@StopHateAgainstAutisticPeople
There is no hate here, we are all trying so so hard to understand and make it work. Many of us are ND ourselves. It's the awareness of the impact on others and the communication of this that is the problem- on both sides too as there is so little advice when couples truly seek help- all the advice is rooted in NT relationships and/ or abusive relationships- we don't fit in to the boxes. So you say "I have this problem and it feels like this, and it makes me feel like this" there is your starting point to open a dialogue with your partner and to work on some methods and strategies together, that is an example of trying to make it work, but none of us seem to be able to get to that stage.

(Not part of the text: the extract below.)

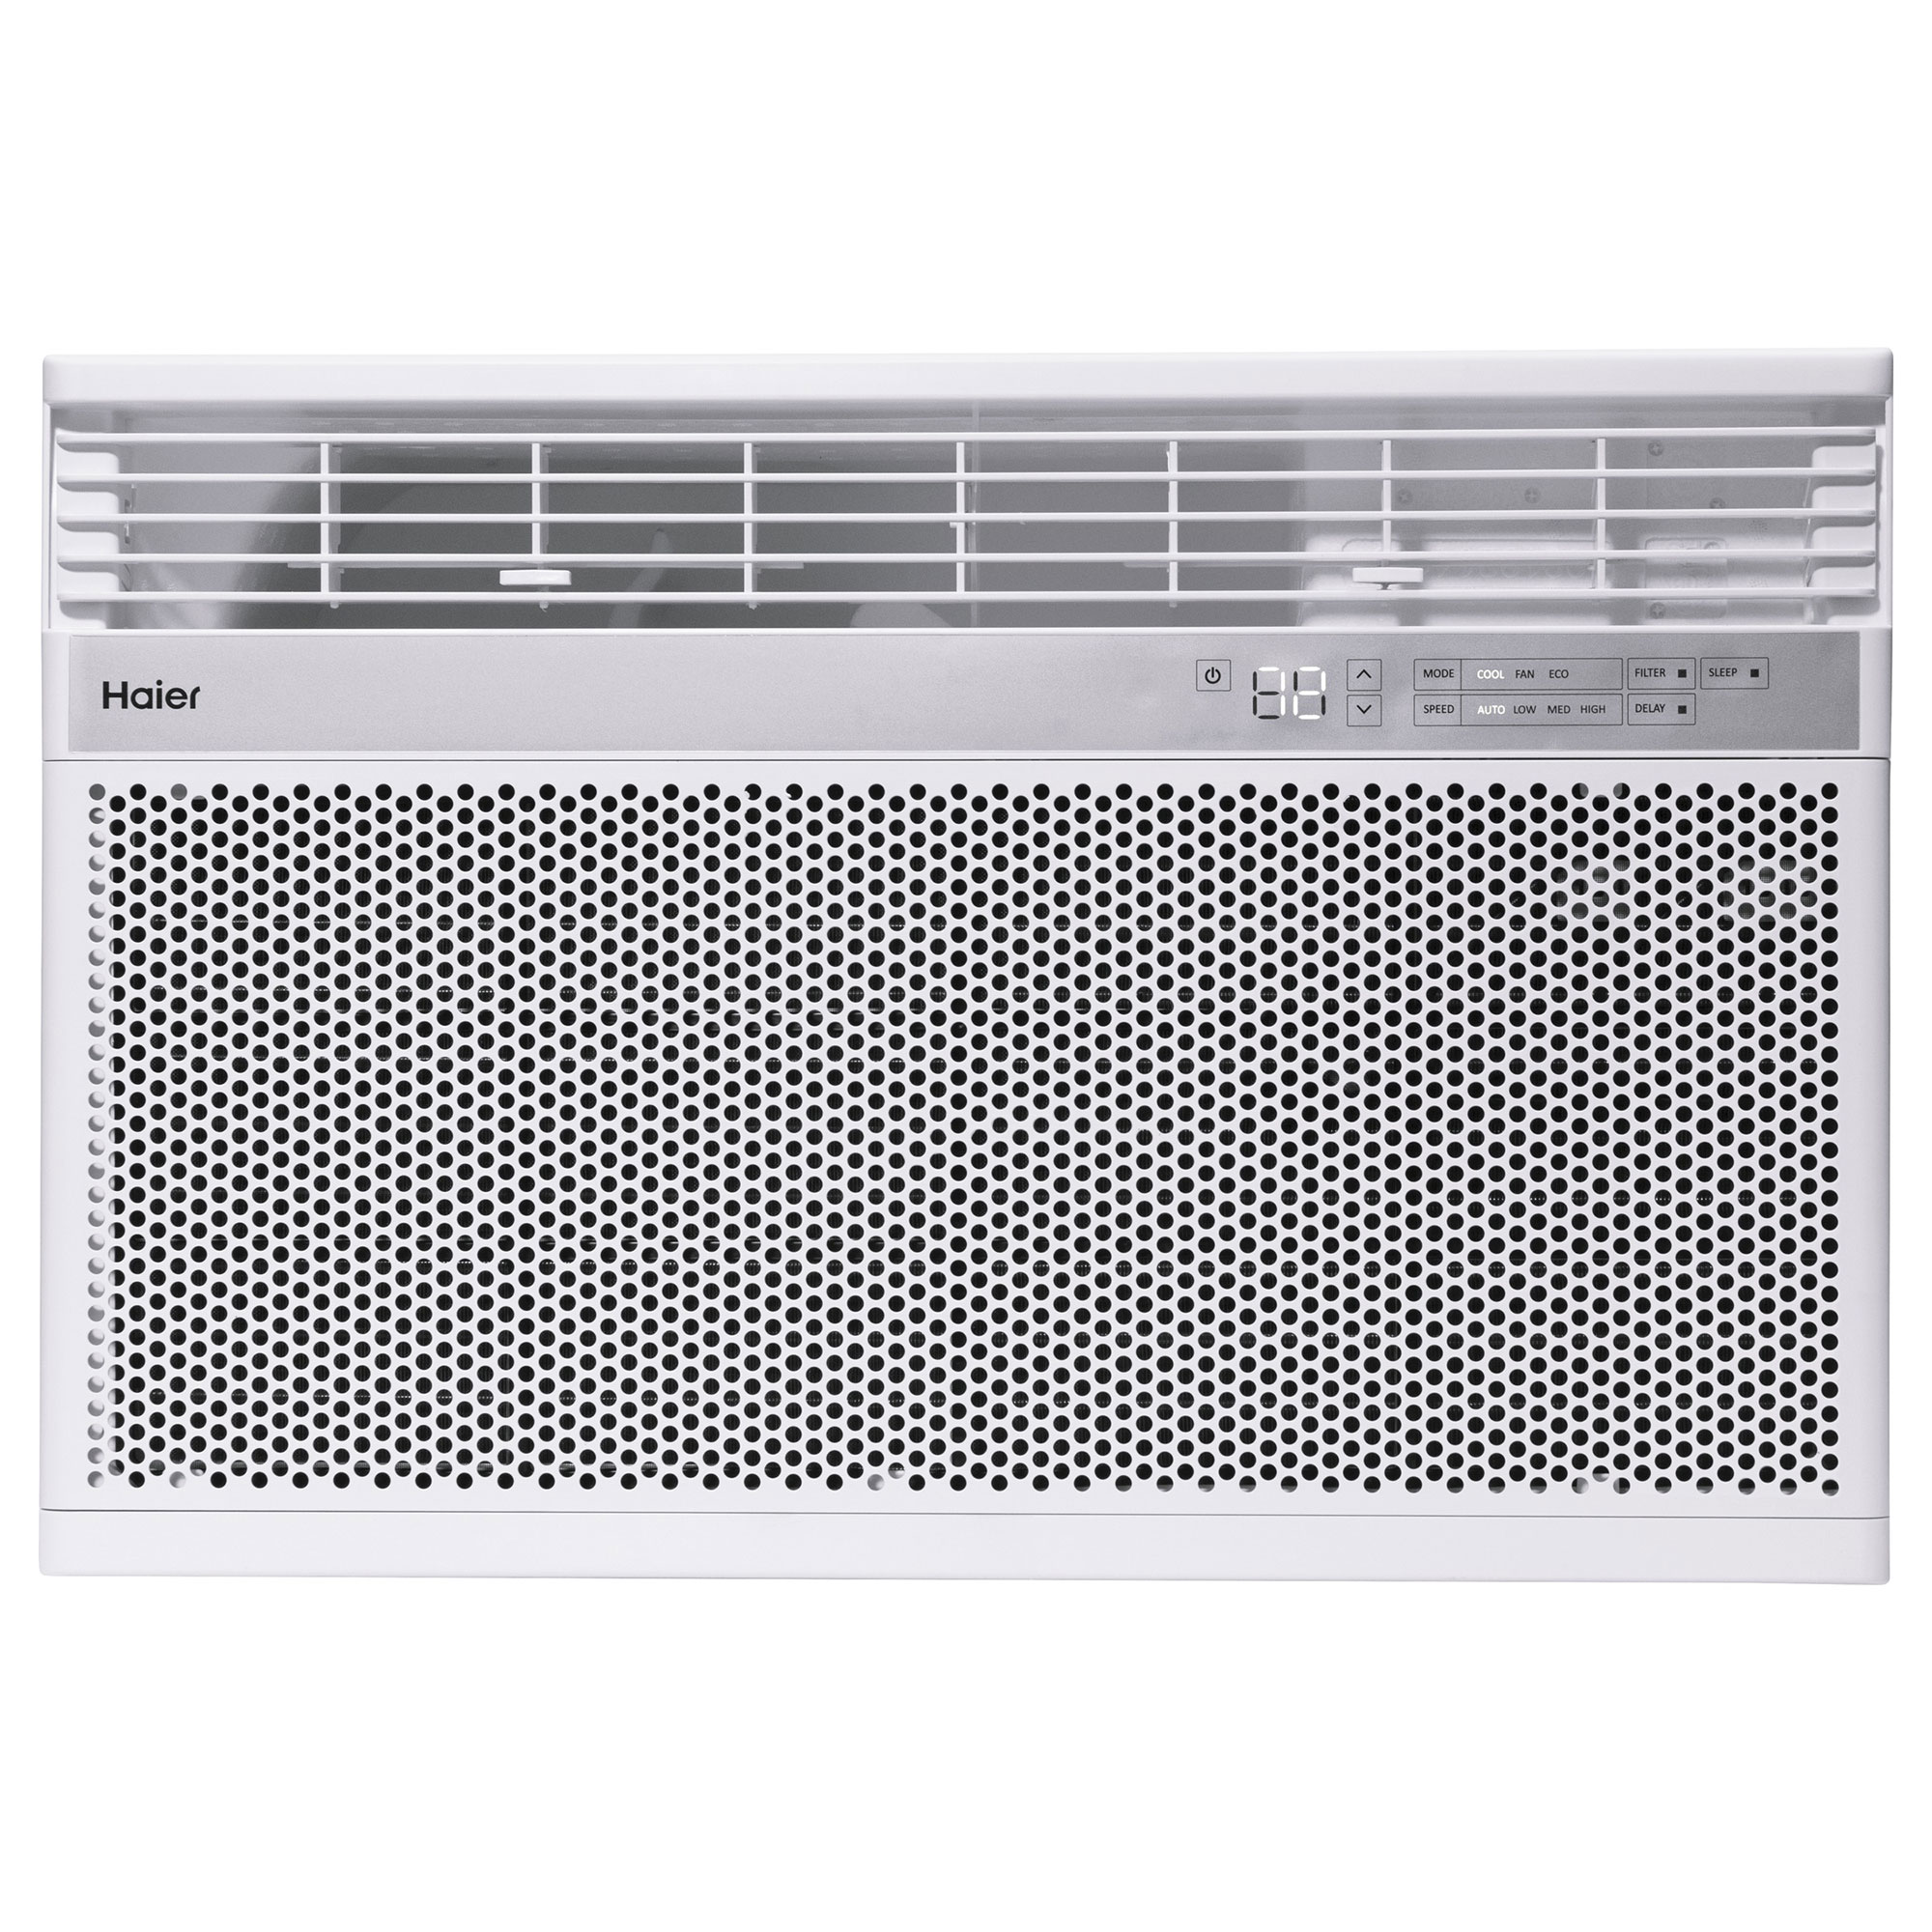 Haier Energy Star QHM12AX 11,600 BTU 11.8 CEER 115 V Electronic Air Conditioner

I'm autistic and I remember all the details of my DH's schedule, how he is feeling, what's going on with him, listen to what he's saying, check in with him, ask about his life, I am interested! It hurts when he doesn't even have a look at the calendar to check what I'm doing. Or ask if I had a nice time when I come home, even ask where I have been, because he is very deeply in to his special interest, ask how I am and respond accordingly. I GET IT, but there is room for growth. Also for a lot of us, the "feeling seen" happened a lot at the beginning of the relationship, so we feel sad that we know it is in there, and feels like a massive rejection that it is no longer there.
Please don't think this is hate, we are trying to make things work for the sake of everyone in the situation. Sharing our experiences is helping us. In the same way people say "everyone is a bit autistic" GRRRRRR many people say to people like the people on this thread "oh yeah marriage/men is just like that", totally dismissing and invalidating our experience.